Lithocarpus muluensis
- Conservation status: Least Concern (IUCN 3.1)

Scientific classification
- Kingdom: Plantae
- Clade: Tracheophytes
- Clade: Angiosperms
- Clade: Eudicots
- Clade: Rosids
- Order: Fagales
- Family: Fagaceae
- Genus: Lithocarpus
- Species: L. muluensis
- Binomial name: Lithocarpus muluensis S.Julia & Soepadmo

= Lithocarpus muluensis =

- Genus: Lithocarpus
- Species: muluensis
- Authority: S.Julia & Soepadmo
- Conservation status: LC

Species of tree

Lithocarpus muluensis is a tree in the beech family Fagaceae.
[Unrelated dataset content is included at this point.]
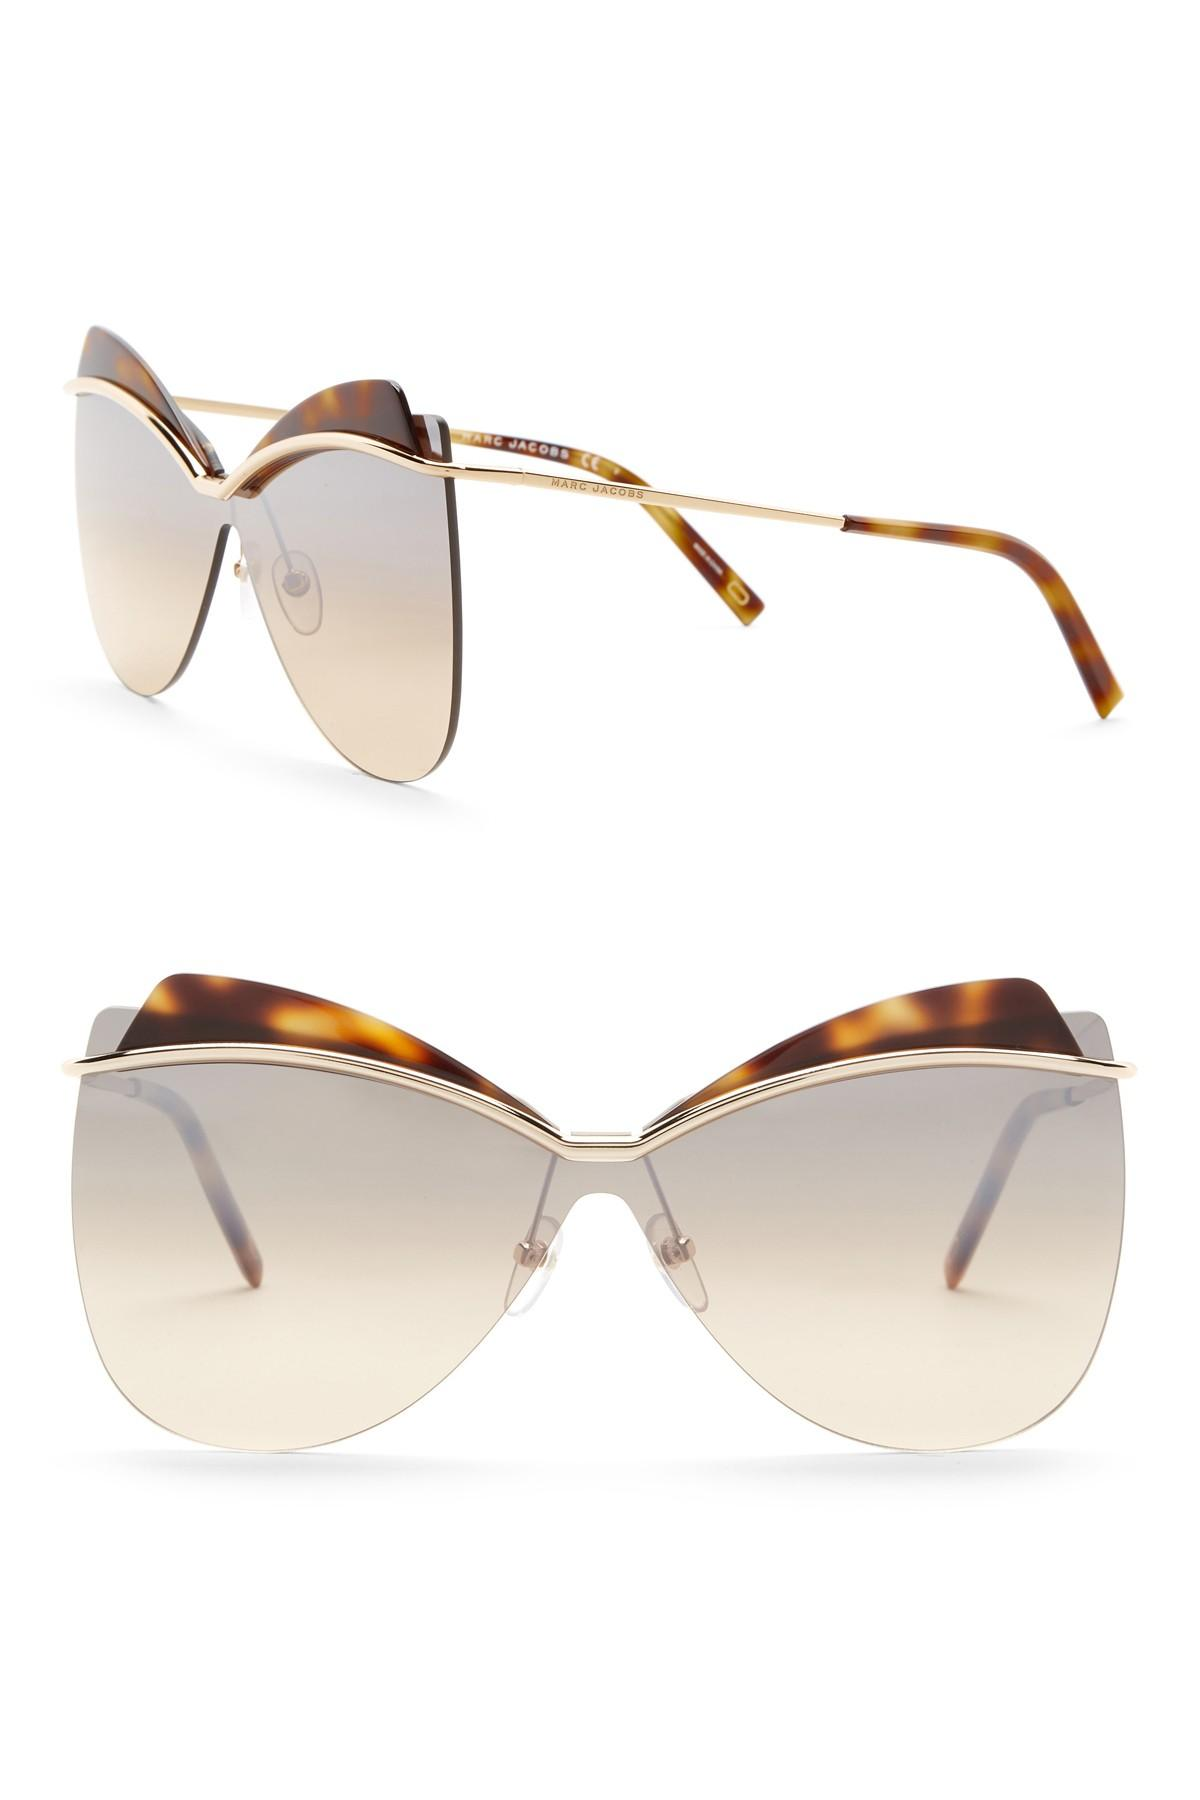 Marc Jacobs 73mm Cat Eye Sunglasses

It is named for Gunung Mulu mountain in Sarawak, Borneo.

==Description==
Lithocarpus muluensis grows as a tree up to 30 m tall with a trunk diameter of up to 75 cm. The bark is flaky. Its coriaceous leaves measure up to 17 cm long. Flowers are unknown. Its brown acorns are roundish and measure up to 2.5 cm across.

==Distribution and habitat==
Lithocarpus muluensis is endemic to Borneo, where it is confined to Gunung Mulu National Park in Sarawak. Its habitat is mixed dipterocarp to montane forest, up to 1500 m elevation.